India–Saint Kitts and Nevis relations refers to the international relations that exist between India and Saint Kitts and Nevis. The High Commission of India in Georgetown, Guyana is concurrently accredited to Saint Kitts and Nevis. India opened its Honorary Consulate in Basseterre in August 2008.

== History ==

Relations between India and Saint Kitts and Nevis date back to the mid-19th century when both countries were British colonies. The first Indians in Saint Kitts arrived on 3 June 1861 on board the Dartmouth. The ship had departed from Calcutta on 26 February 1861 with 361 Indian indentured workers on board. Twenty-four Indians died during the voyage and only 337 would arrive in Saint Kitts. The first Indians in Nevis arrived on 30 March 1874 on board the Syria which carried 315 Indian labourers. These were the only two ships that transported Indian indentured workers to Saint Kitts and Nevis. About 20% of the immigrants returned to India by 1890. Most of the others emigrated to Caribbean nations with larger Indian populations such as Trinidad and Tobago, Guyana and Suriname. Very few remained in Saint Kitts and Nevis.

Saint Kitts was the focus of an alleged Indian government scandal in 1989–1990. On 20 August 1989, The Kuwait Times published a report claiming that Ajeya Singh, son of then-Indian Prime Minister V.P. Singh, held a bank account in Saint Kitts with $21 million of deposits.

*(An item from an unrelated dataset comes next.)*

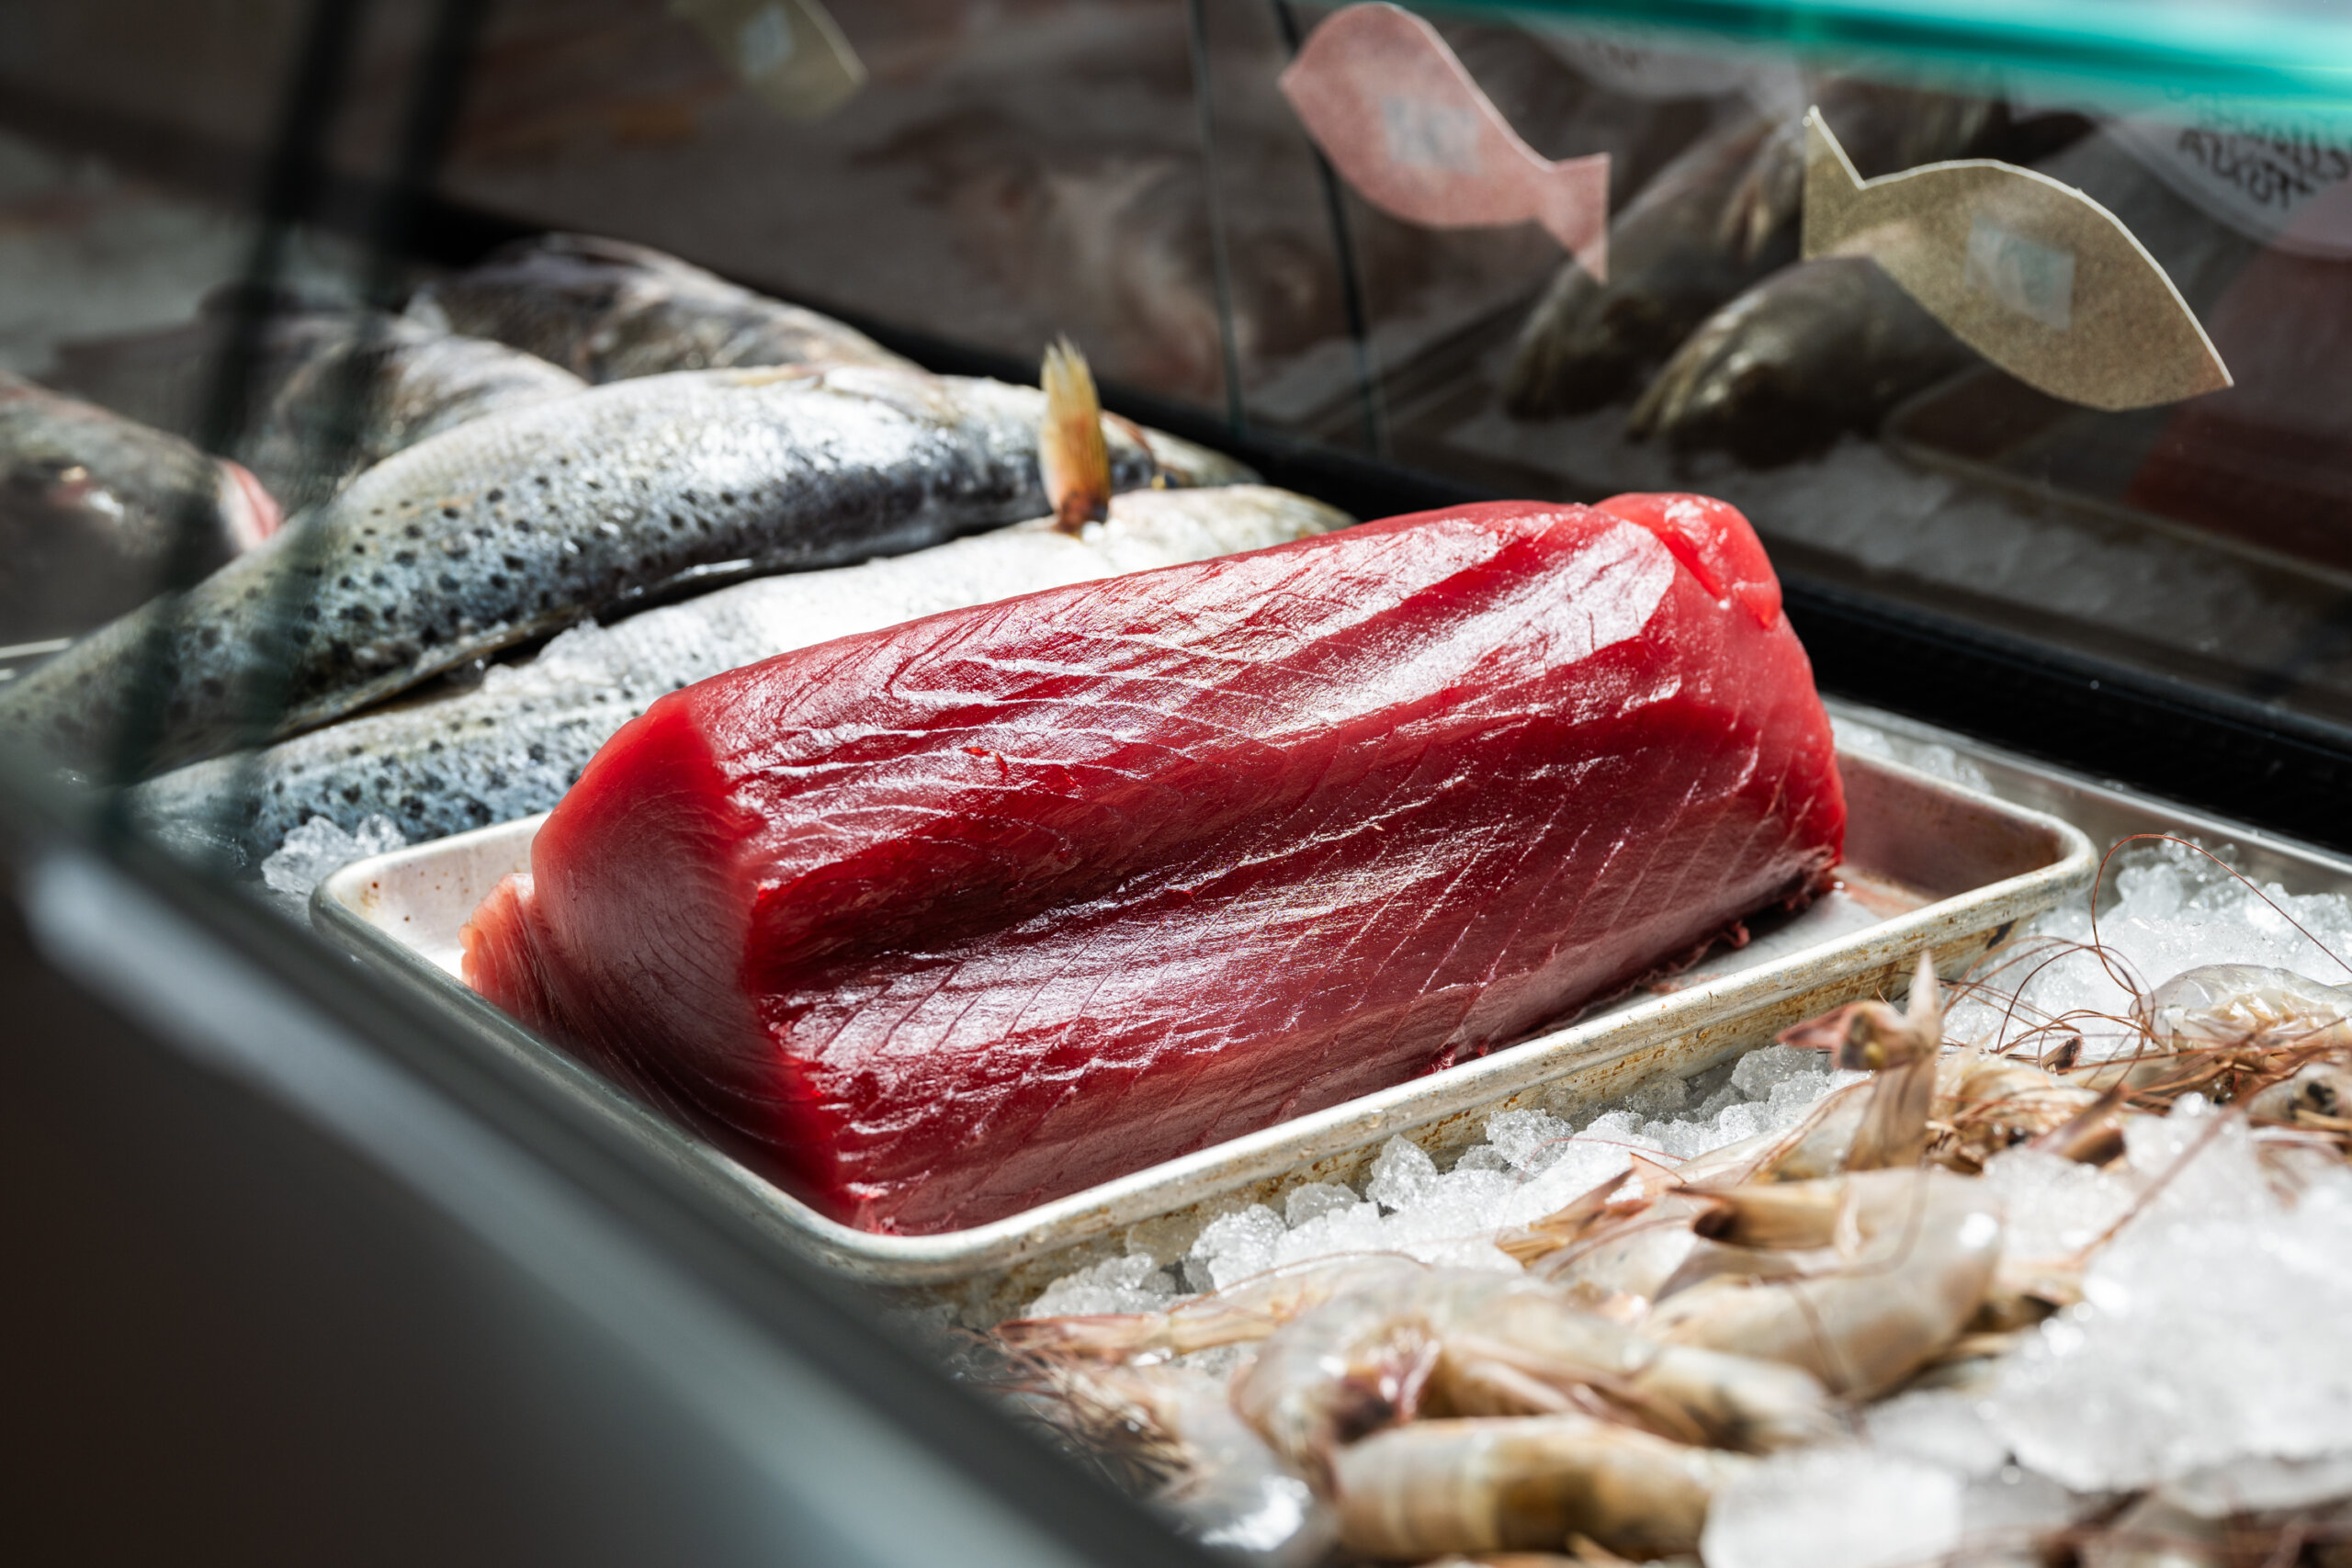 Gulf-caught yellowfin tuna on display

The beneficiary of the account was claimed to be the Prime Minister himself. The story was reprinted in Indian media within days. However, following investigations, the reports were found to be false and created to discredit V.P. Singh.

India and Saint Kitts and Nevis signed an MoU in July 2007, agreeing to hold regular Foreign Office Consultations. Prime Minister Denzil Douglas made an official working visit to India on 5–10 April 2012. He was accompanied by the Kittitian High Commissioner to the United Kingdom Kevin Isaac and other government officials. Douglas spent most of the visit in the state of Punjab visiting the Golden Temple in Amritsar and then holding talks with Indian businessmen and state and union government officials in Jalandhar. He also met with businessmen in Bath Castle, Ludhiana. Douglas also visited a hospital in Chandigarh and discussed measures to promote health tourism. He concluded his tour by visiting the Taj Mahal in Agra.

The promoter of Winsome Diamonds and Jewellery Ltd., Jatin Mehta, and his wife Sonia Mehta, became citizens of Saint Kitts and Nevis in 2013–14. Mehta is the second largest loan defaulter in India, and has a total debt of over ₹6800 crore with multiple banks including Standard Chartered and Punjab National Bank.

Minister of Ayush Shripad Yesso Naik visited Saint Kitts in October 2016 and participated in Diwali celebrations in the country.

== Economic relations ==

=== Trade ===

Bilateral trade between India and Saint Kitts and Nevis totaled US$2.36 million in 2015–16, recording a growth of 55.26% over the previous fiscal. India exported $2.20 million worth of goods to Saint Kitts and Nevis and imported $160,000. The main commodities exported from India to Saint Kitts and Nevis are pharmaceuticals, garments, and jewellery.

India and Saint Kitts and Nevis signed a Tax Information Exchange Agreement (TIEA) on 11 November 2014, which came into force on 2 February 2016.

=== Foreign aid ===

India donated ₹5 lakh towards disaster relief in the aftermath Hurricane Luis in 1995. Citizens of Saint Kitts and Nevis are eligible for scholarships under the Indian Technical and Economic Cooperation Programme.

==Indians in Saint Kitts and Nevis==

According to the 2001 Census of Saint Kitts and Nevis, the population of East Indian people in the country rose from 0.7% in 1991 to 1.5% in 2001. They were the third largest ethnic group in country, after Africans (92.4%) and people of mixed race (3%). The 2001 Census recorded 443 East Indian males and 266 East Indian females in the country.

As of December 2016, an estimated 200-250 Indians reside in Saint Kitts and Nevis. The community is primarily involved in small businesses. The migration of Indian businessmen from St. Martin to St. Kitts has resulted in a steady increase in the size of the Indian community. Additionally, many foreign nationals of Indian origin are enrolled as students at the Windsor University School of Medicine in St. Kitts.